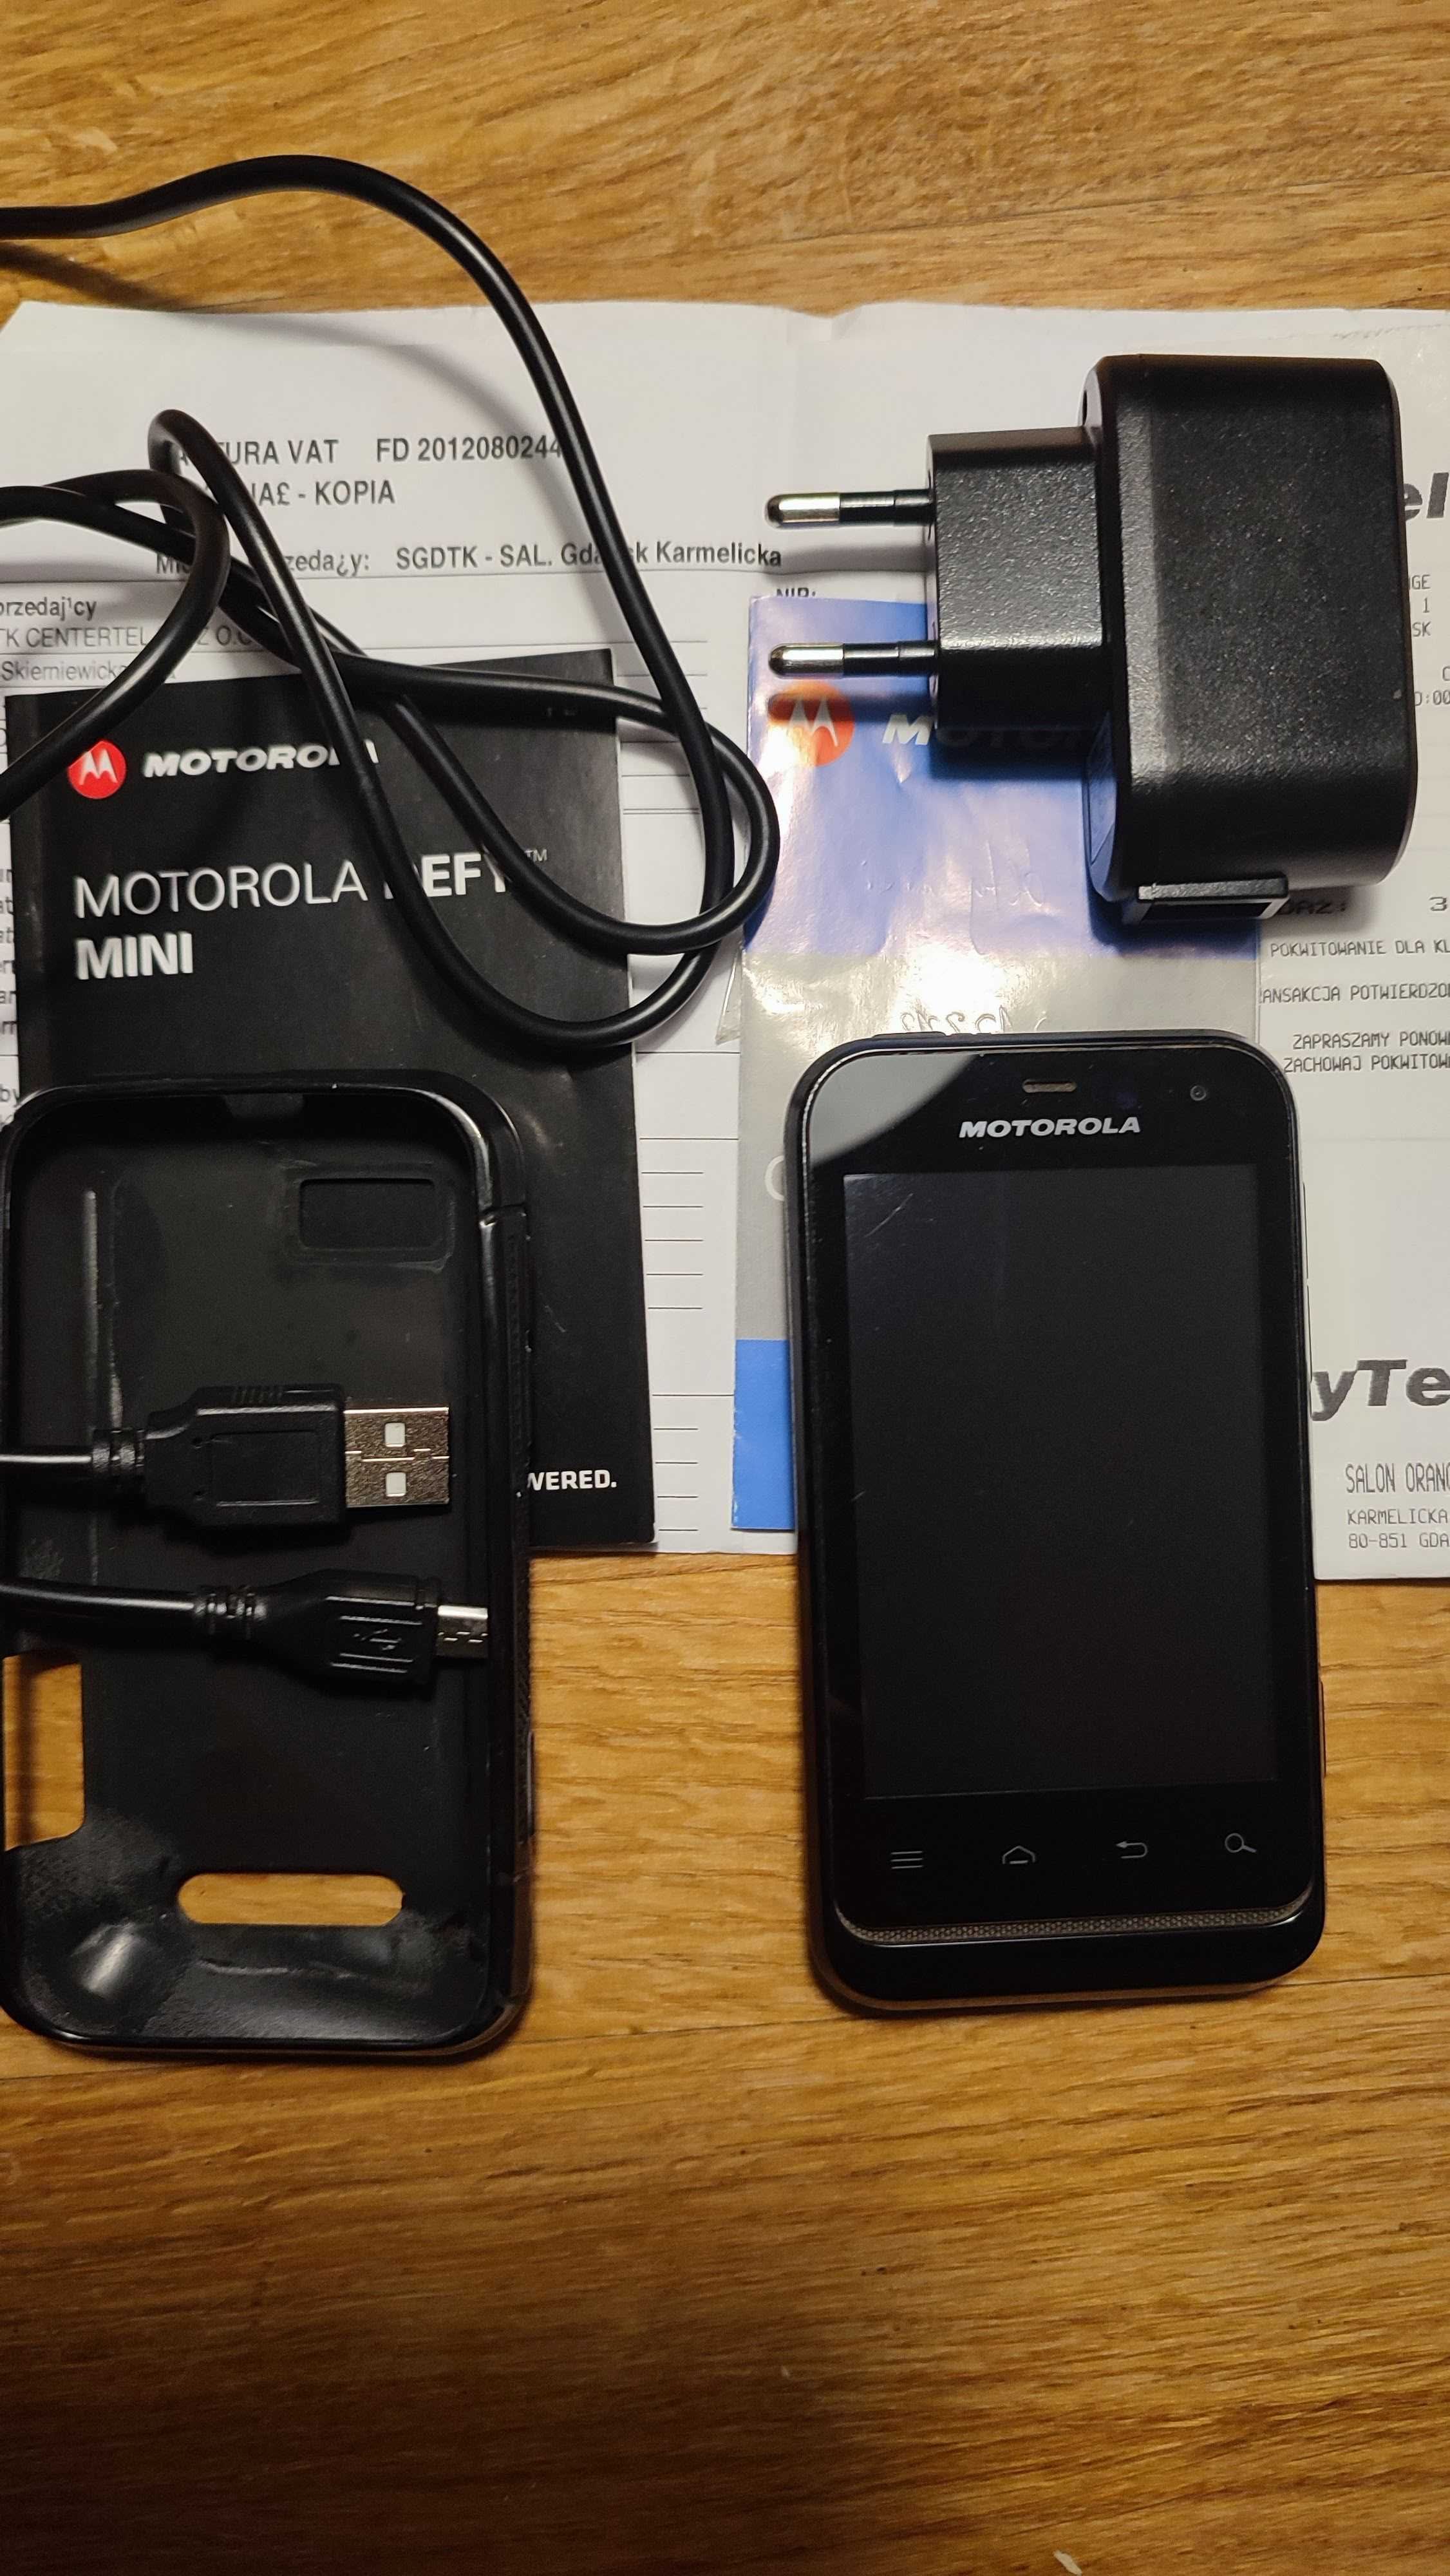 Motorola Defy Mini komplet kolekcjonerski
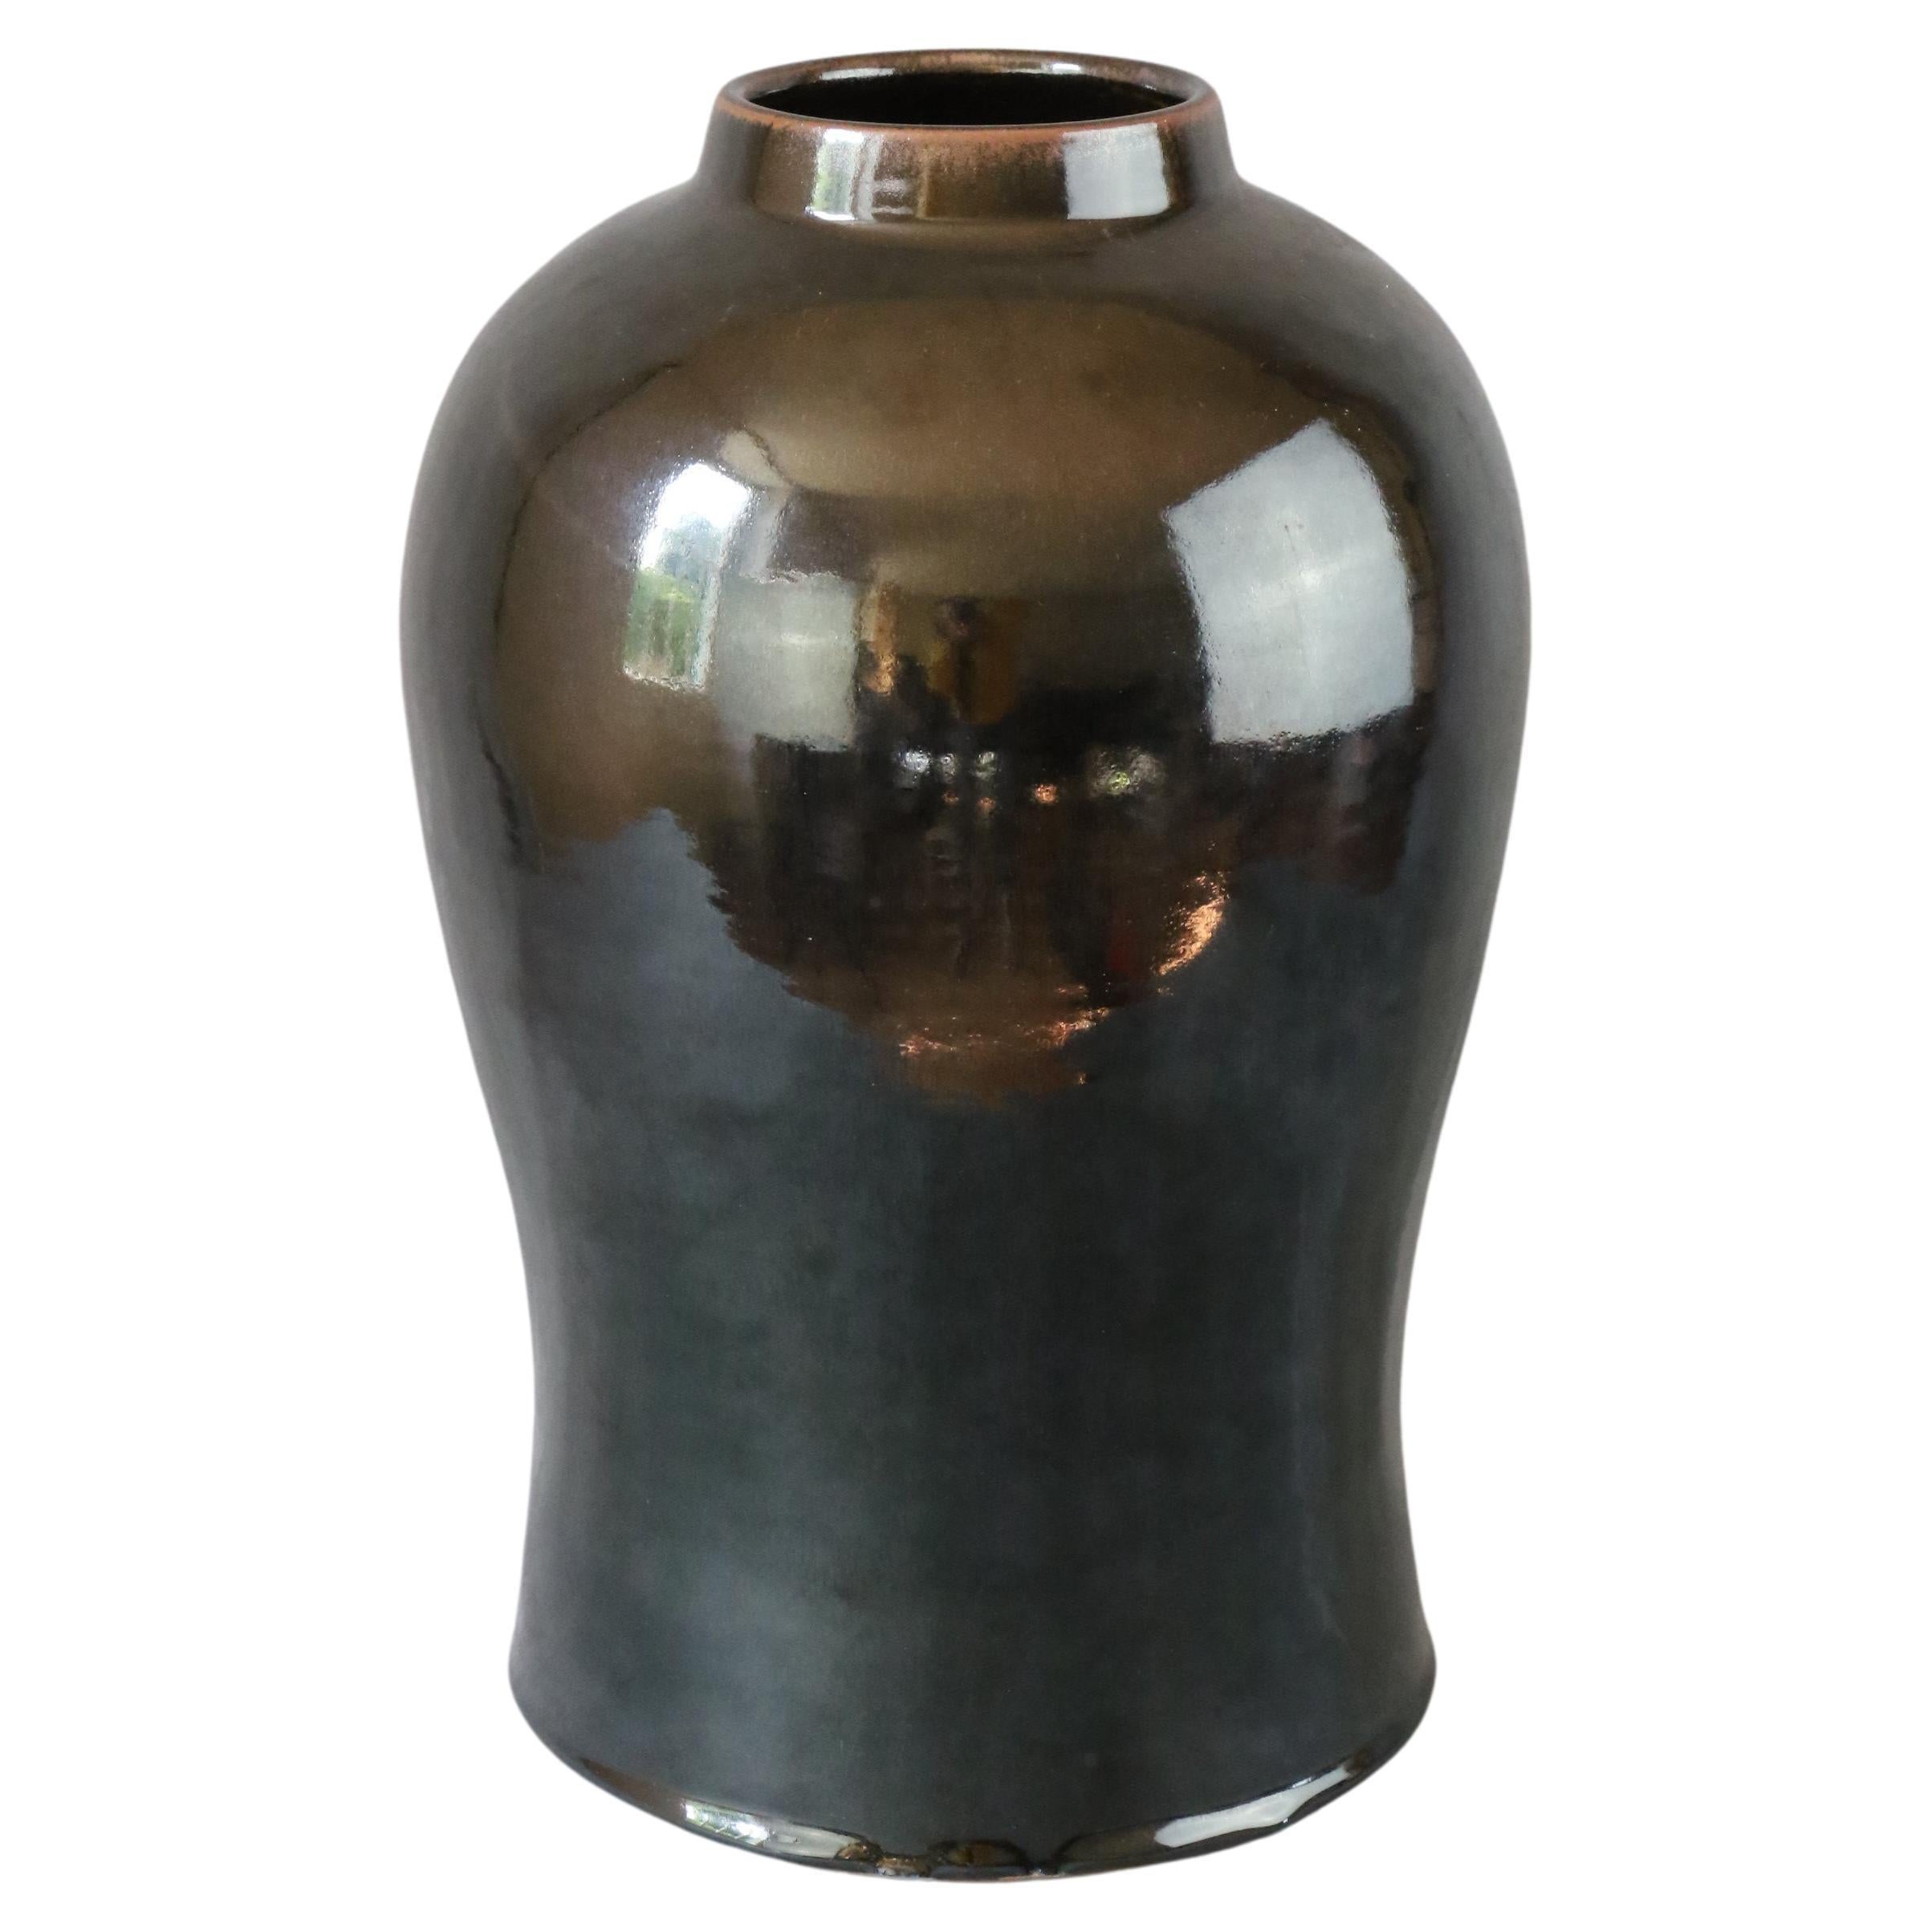 Massive black ceramic vase by the french ceramist Marc Uzan, Midcentury Modern
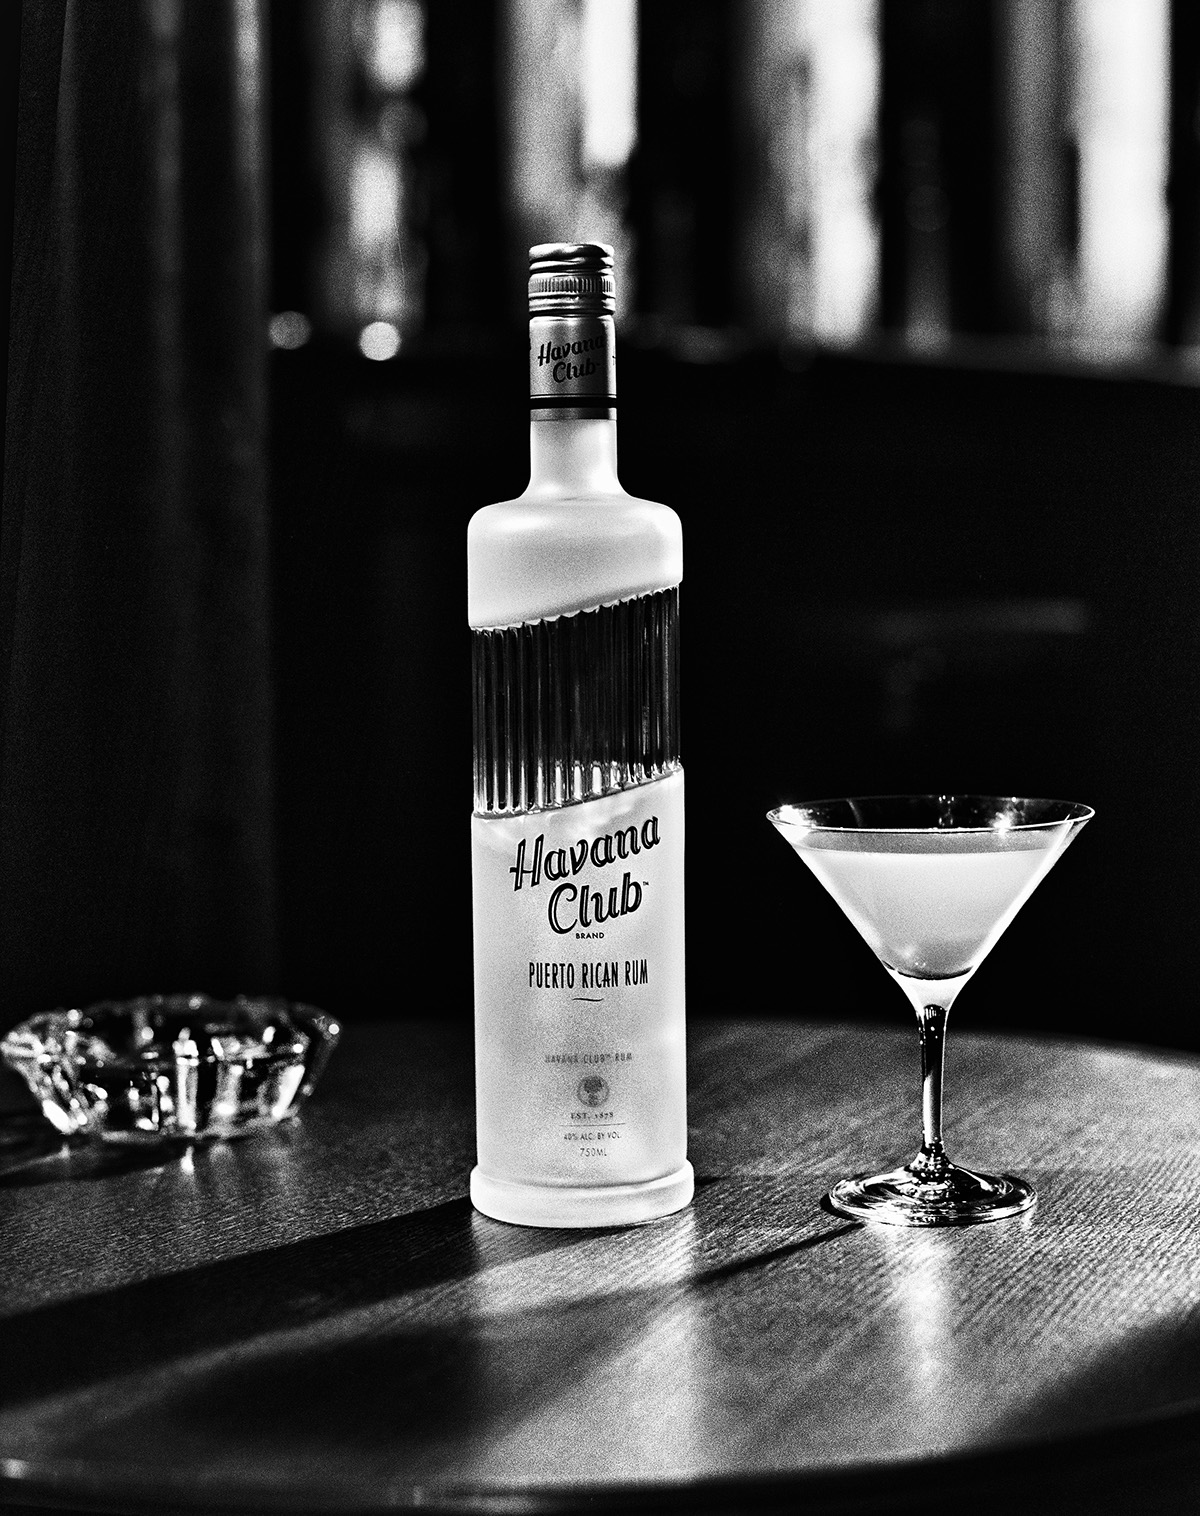 Steven Lyon Havana Club black and white retro image
══════════════════════════════
▶ THE PROBLEM
A word-for-word copy of the listing is the goal; keep every picture out of it.

▶ SOLVED EXERCISE
 Motorola Defy Mini komplet kolekcjonerski
 Massive black ceramic vase by the french ceramist Marc Uzan, Midcentury Modern
 Steven Lyon Havana Club black and white retro image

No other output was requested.